Bitcoin supposed anonymity easily broken, researchers discover


A supposedly secure  system for sending untraceable money across the planet turns out to be not secure at all. Why it’s enough to make one put on their tinfoil hat of conspiracy and wonder WTF? Who benefits from this? Not Bitcoin users, that’s for sure.

Bitcoin has an undeserved reputation for security. It has repeatedly hacked and compromised. Now this. IP addresses for Bitcoin transactions can readily be obtained, with minimal amounts of time and effort, university researchers say. I’m guessing others figured out this gaping hole in Bitcoin “security” too and have already taken advantage of it.

Researchers at the Laboratory of Algorithmics, Cryptology and Security of the University of Luxembourg have shown that Bitcoin does not protect user’s IP address and that it can be linked to the user’s transactions in real-time. To find this out, a hacker would need only a few computers and about €1500 per month for server and traffic costs. Moreover, the popular anonymization network “Tor” can do little to guarantee Bitcoin user’s anonymity, since it can be blocked easily.

The basic idea behind these findings is that Bitcoin entry nodes, to which the user’s computer connects in order to make a transaction, form a unique identifier for the duration of user’s session. This unique pattern can be linked to a user’s IP address. Moreover, transactions made during one session, even those made via unrelated pseudonyms, can be linked together.
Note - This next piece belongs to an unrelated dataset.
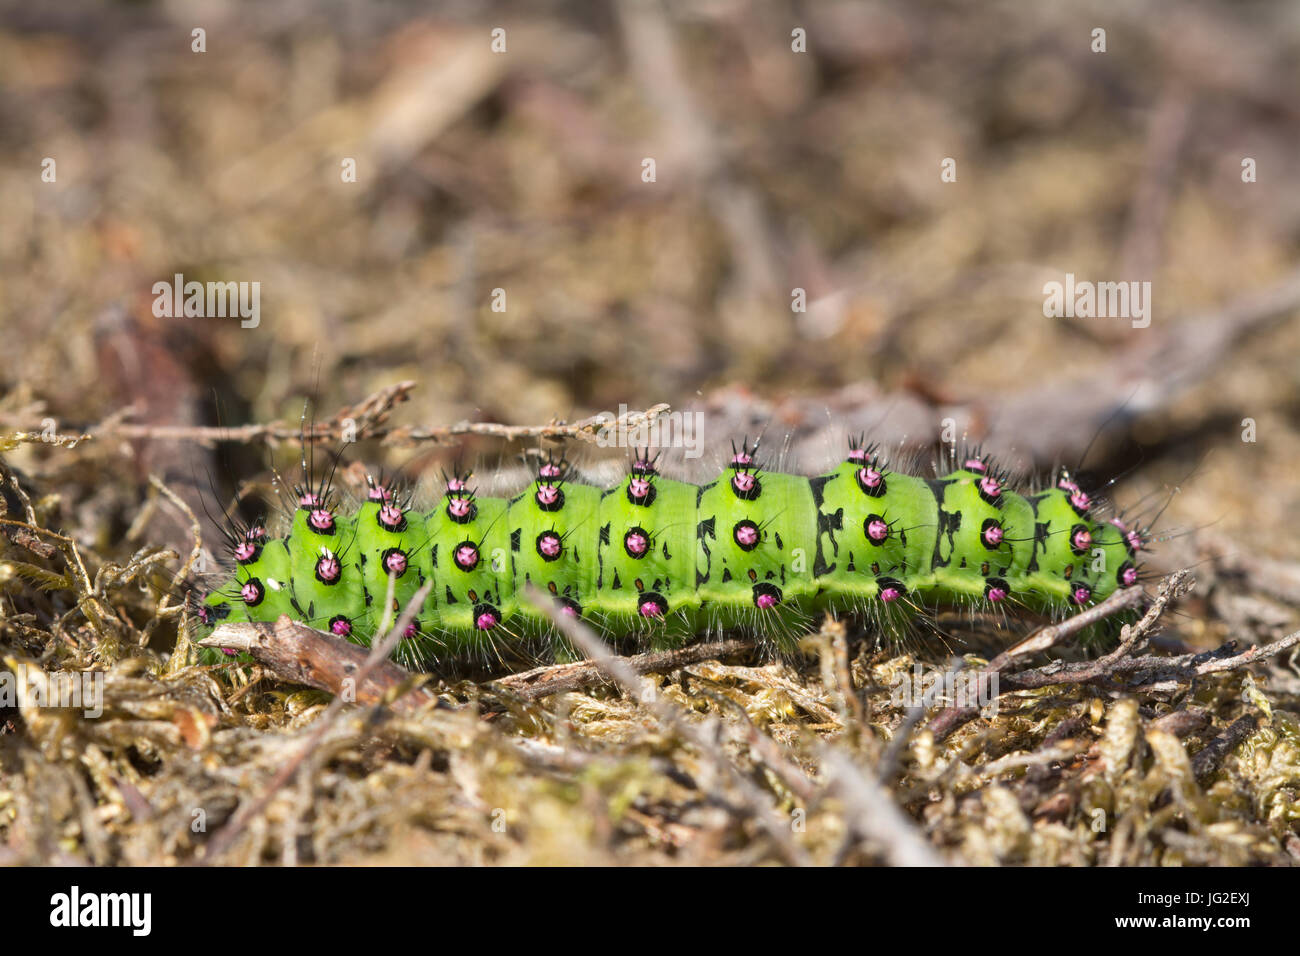 Close-up of brightly-coloured emperor moth (Saturnia pavonia) larva or caterpillar in heathland, UK Stock Photo

With this method, hackers can reveal up to 60 percent of the IP addresses behind the transactions made over the Bitcoin network.

Software patches written by the researchers are currently under discussion with the Bitcoin core developers.

Would these be the same Bitcoin core developers that have consistently released buggy code that is easily compromised?

Cryptocurrencies may well have a long life ahead of them – after the amateur hour that is Bitcoin has been replaced with a system that is genuinely robust and anonymous.